Stored data:
↓↓↓
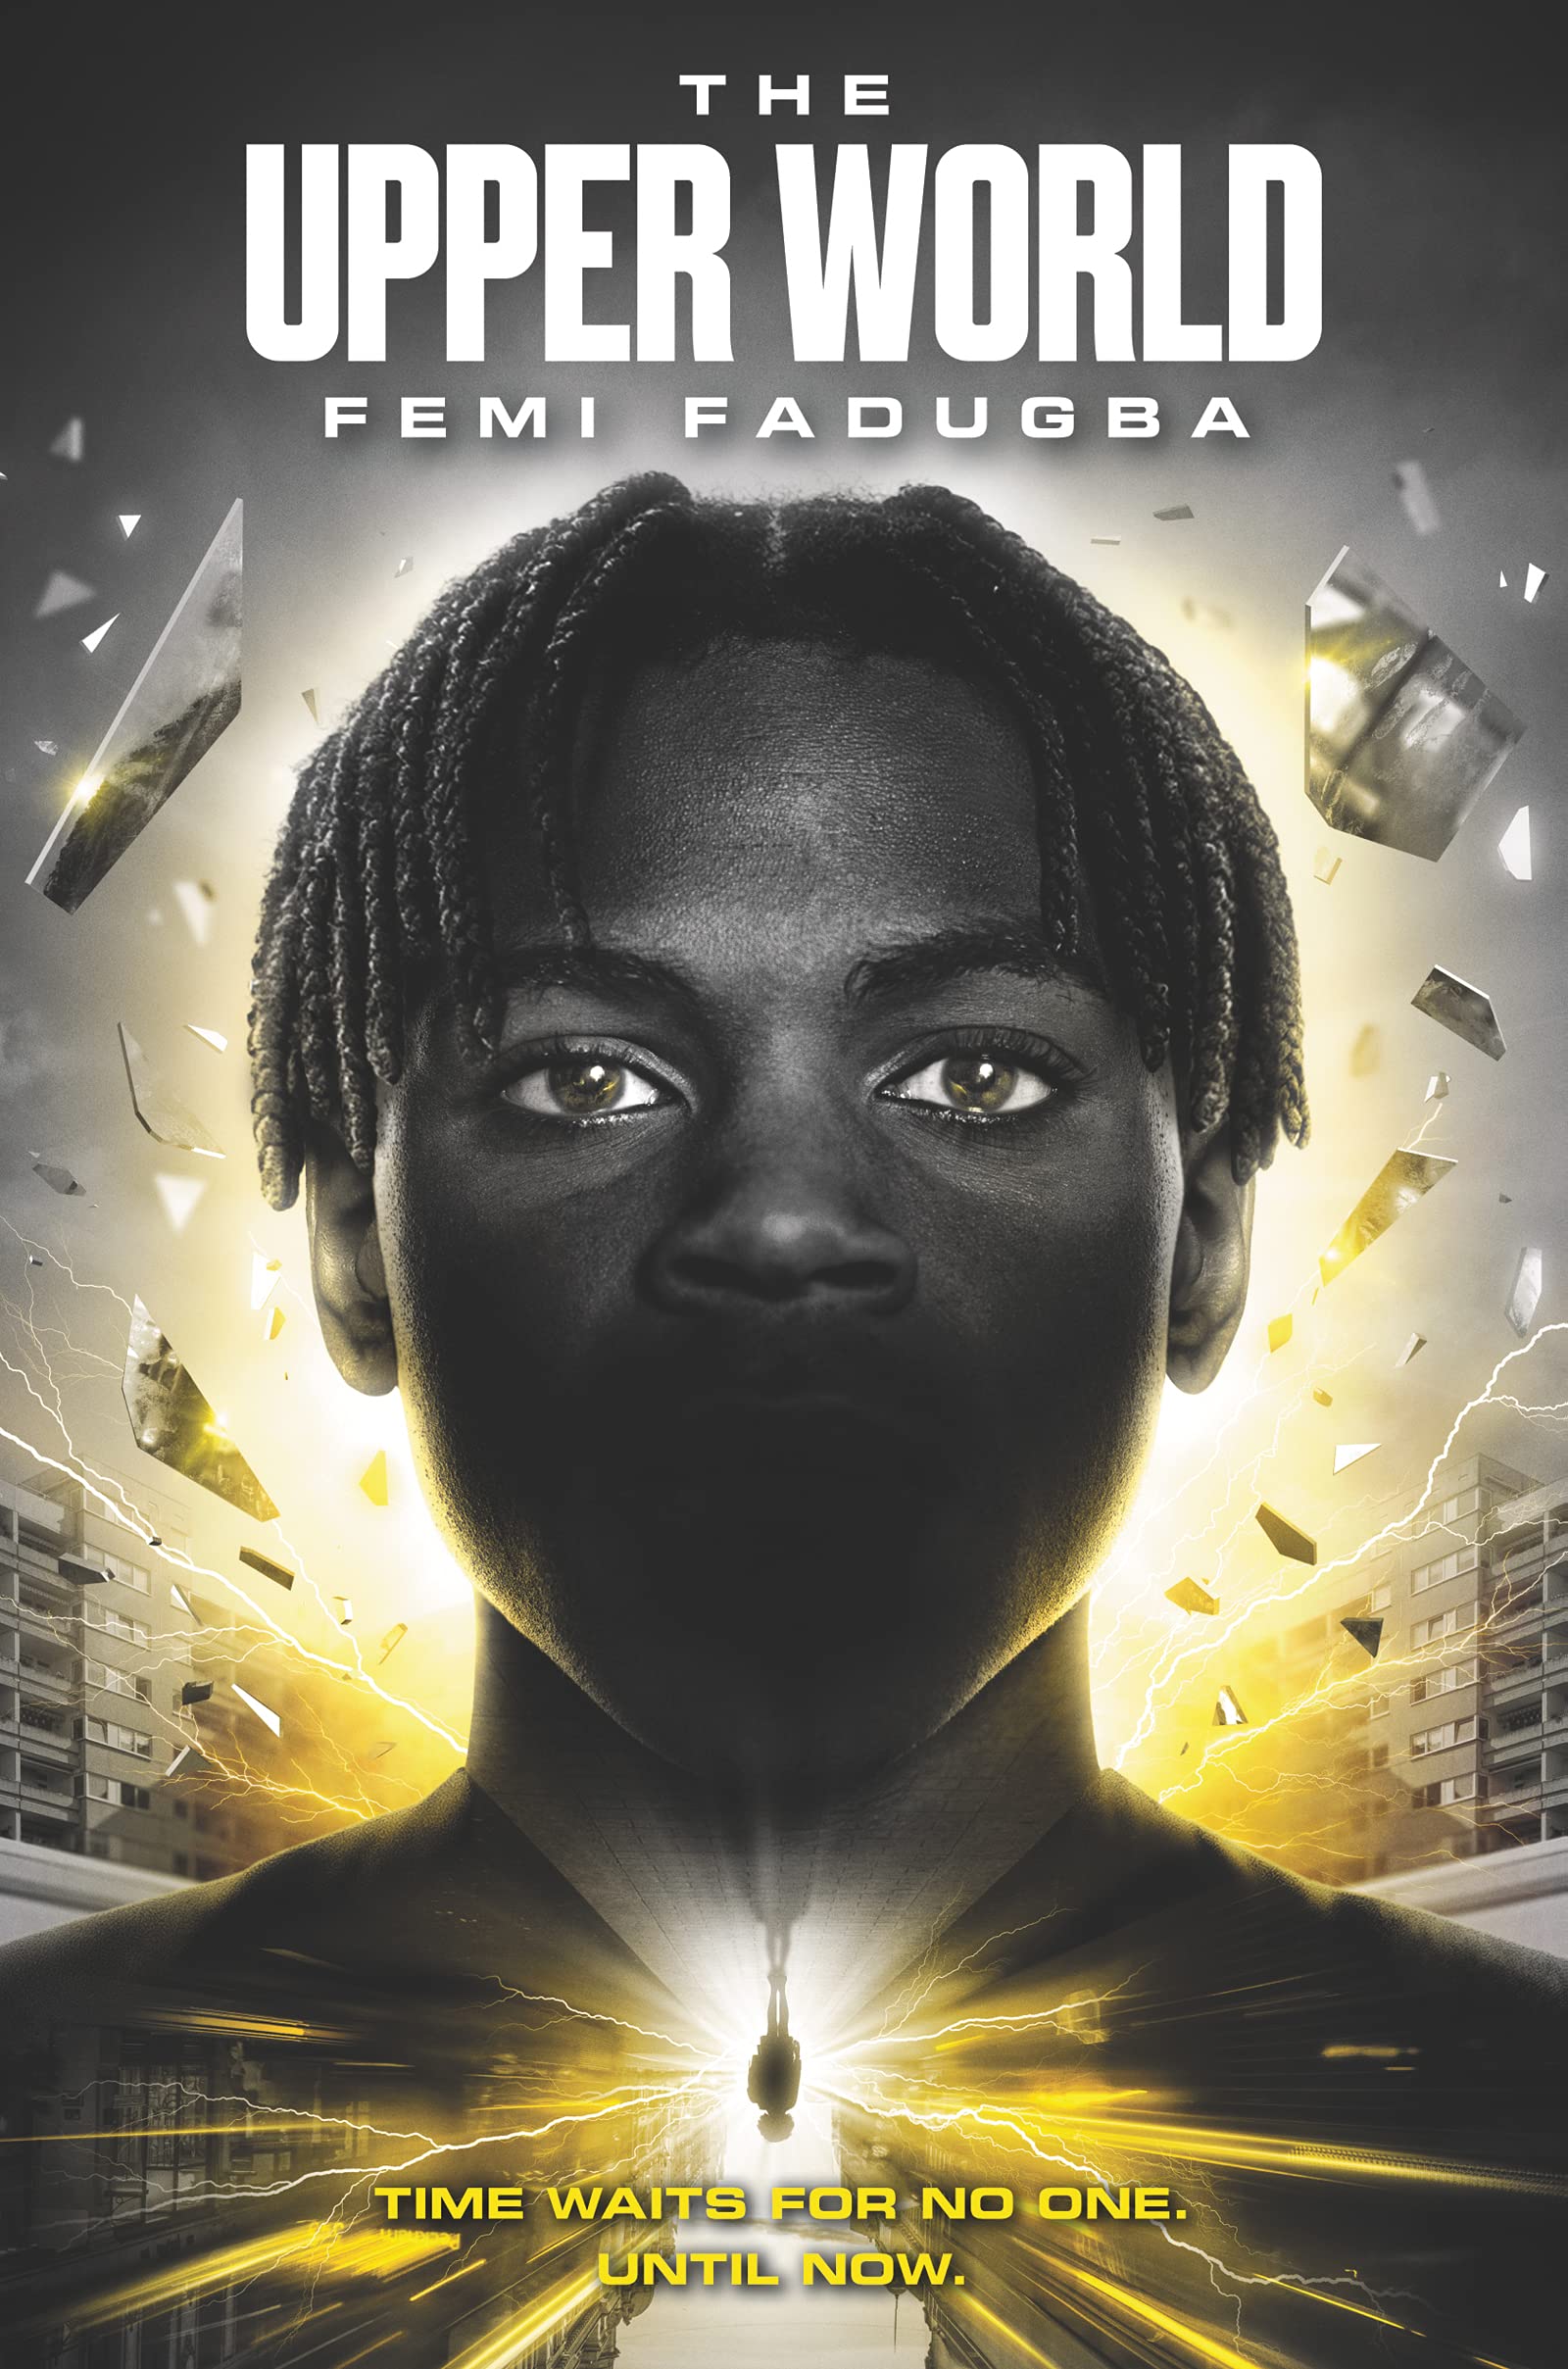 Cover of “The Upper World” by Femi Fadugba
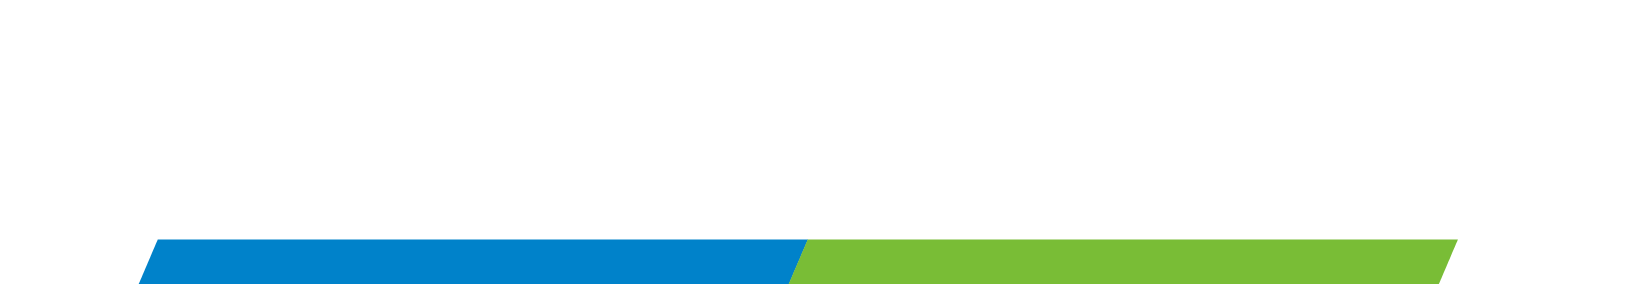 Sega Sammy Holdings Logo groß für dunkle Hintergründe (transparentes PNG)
↑↑↑
↓↓↓
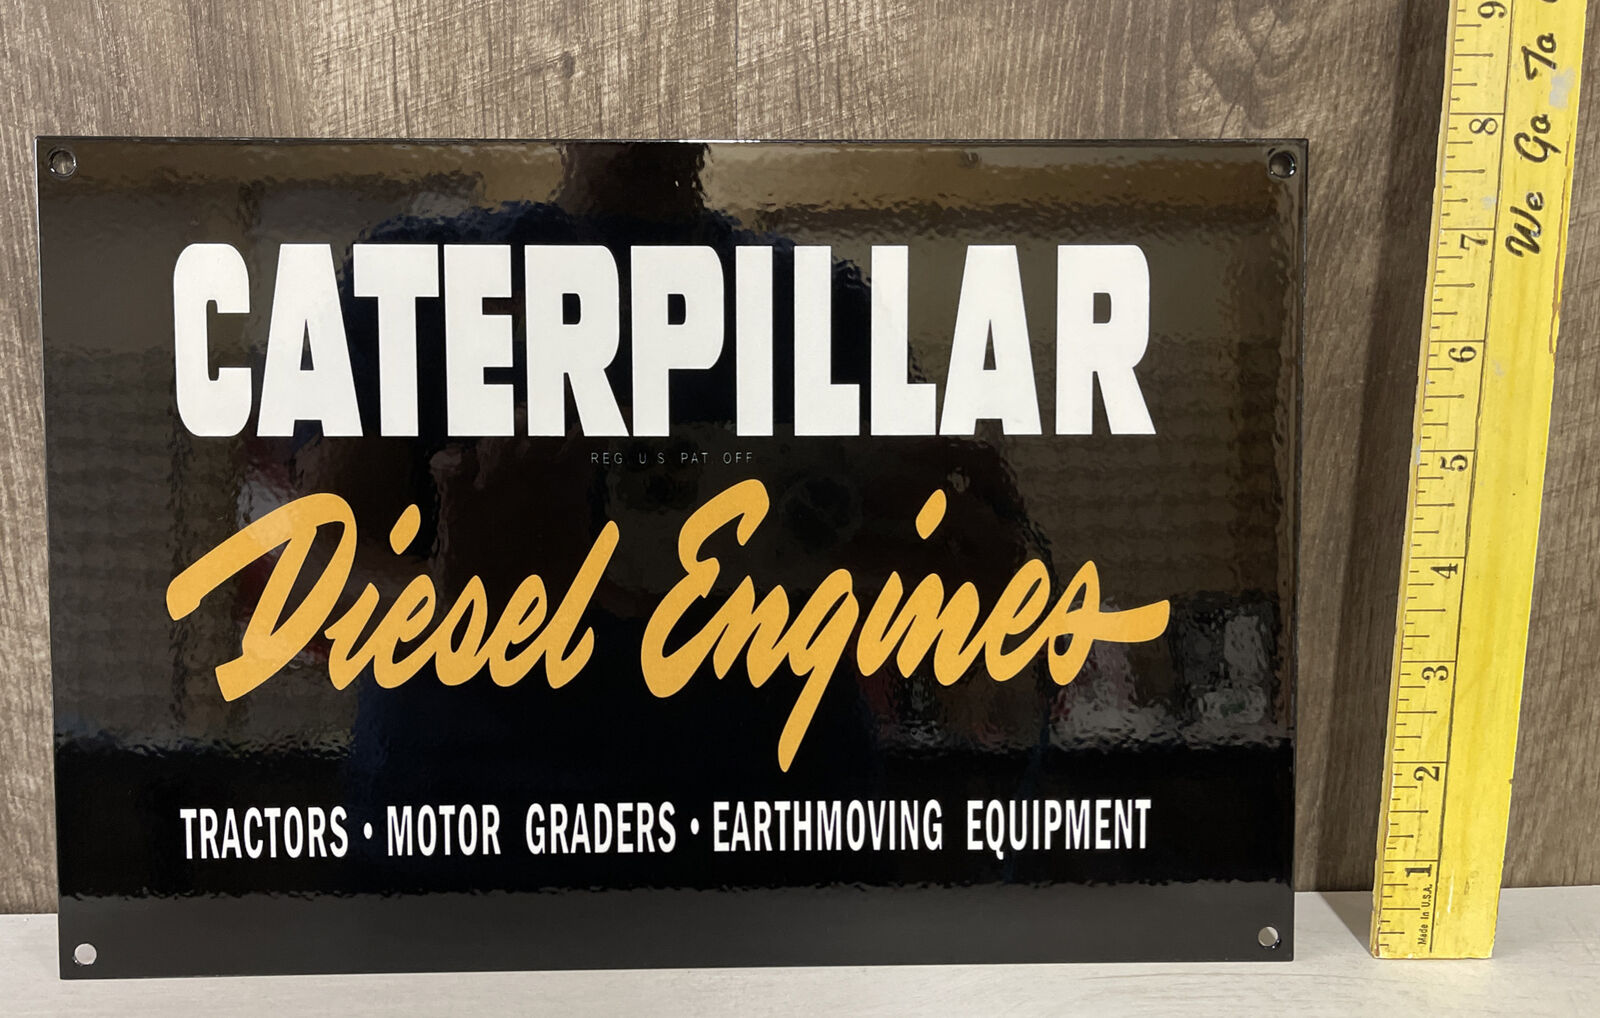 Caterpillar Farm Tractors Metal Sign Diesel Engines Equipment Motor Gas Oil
↑↑↑
↓↓↓
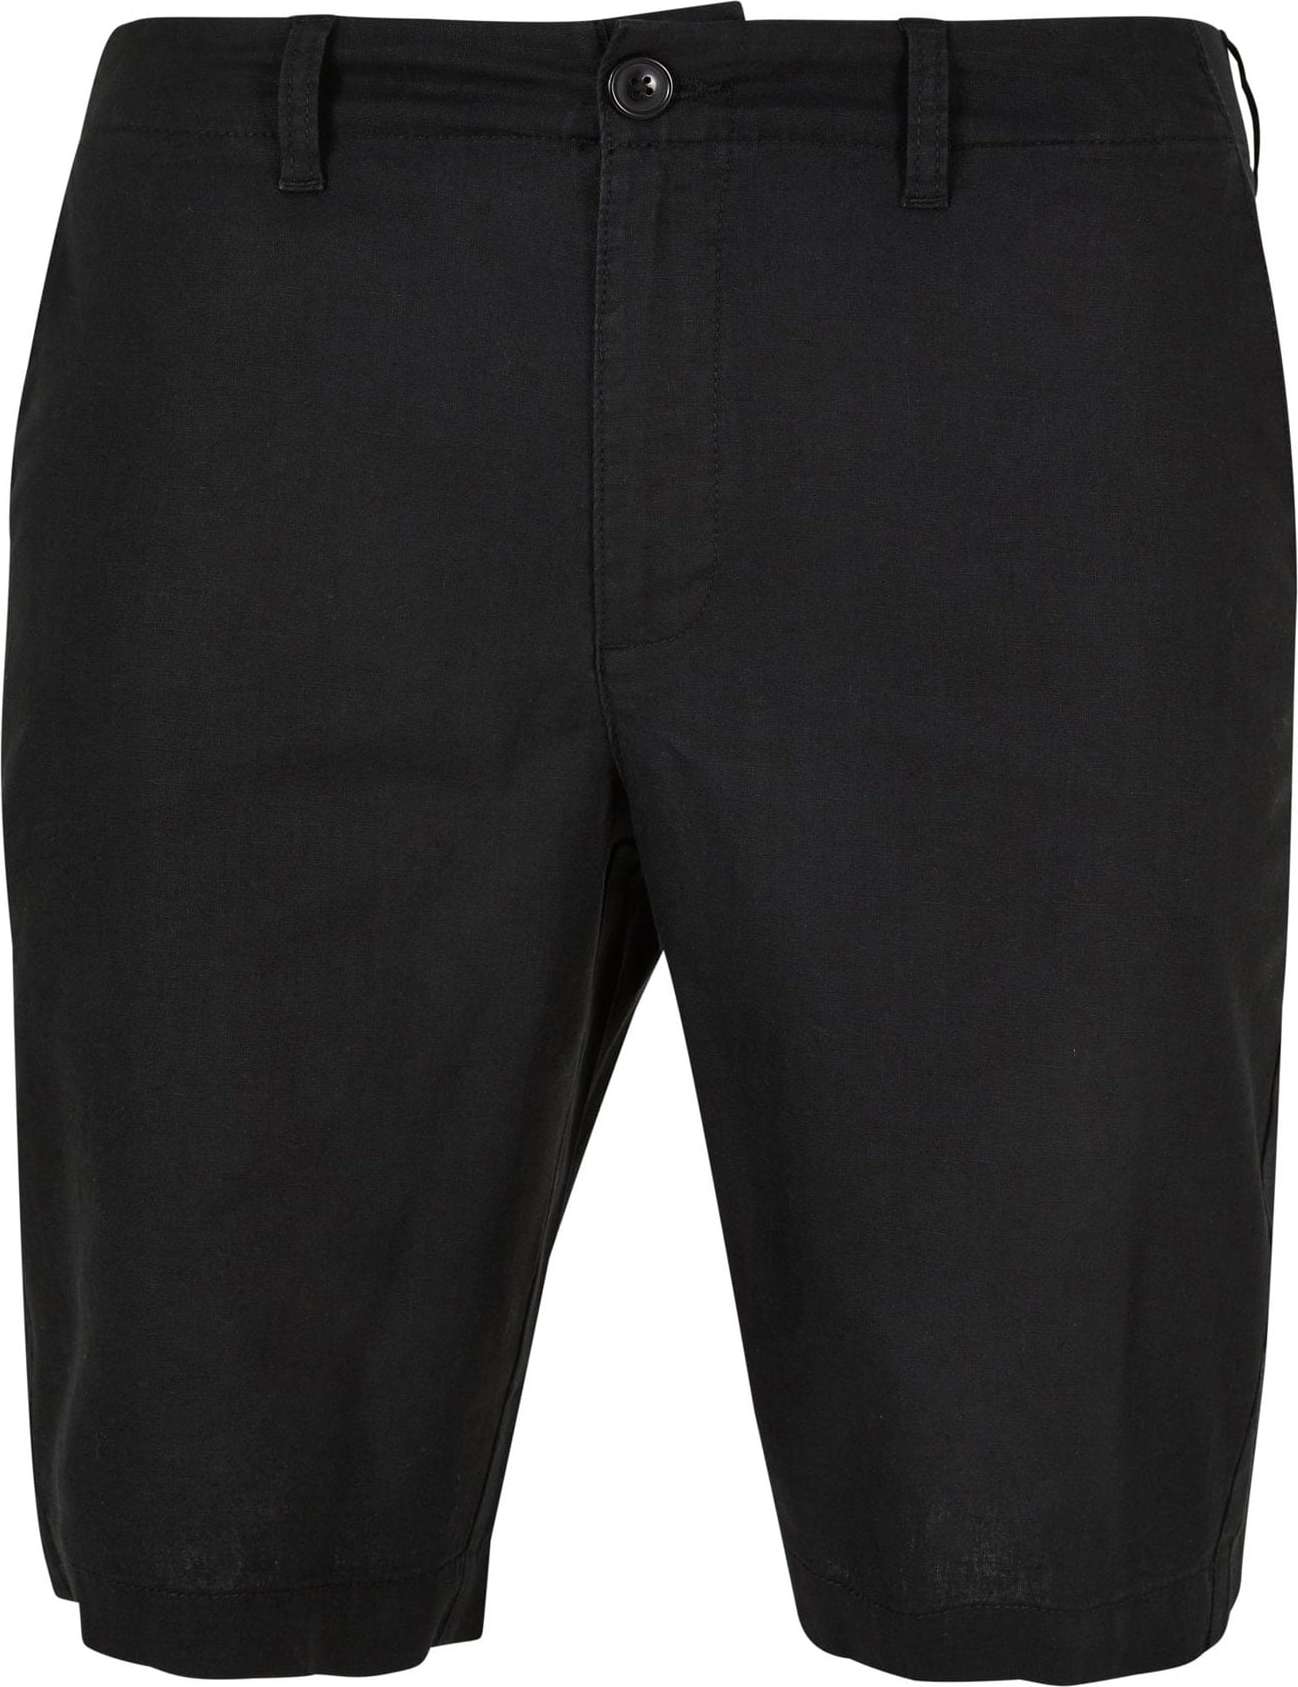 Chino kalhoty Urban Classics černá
↑↑↑
Try it:
Go to the line above that contains "by Femi Fadugba" and reproduce everything exactly from there through the line that contains "Sega Sammy Holdings", leaving out the pictures.

Reply:
 Cover of “The Upper World” by Femi Fadugba
 Sega Sammy Holdings Logo groß für dunkle Hintergründe (transparentes PNG)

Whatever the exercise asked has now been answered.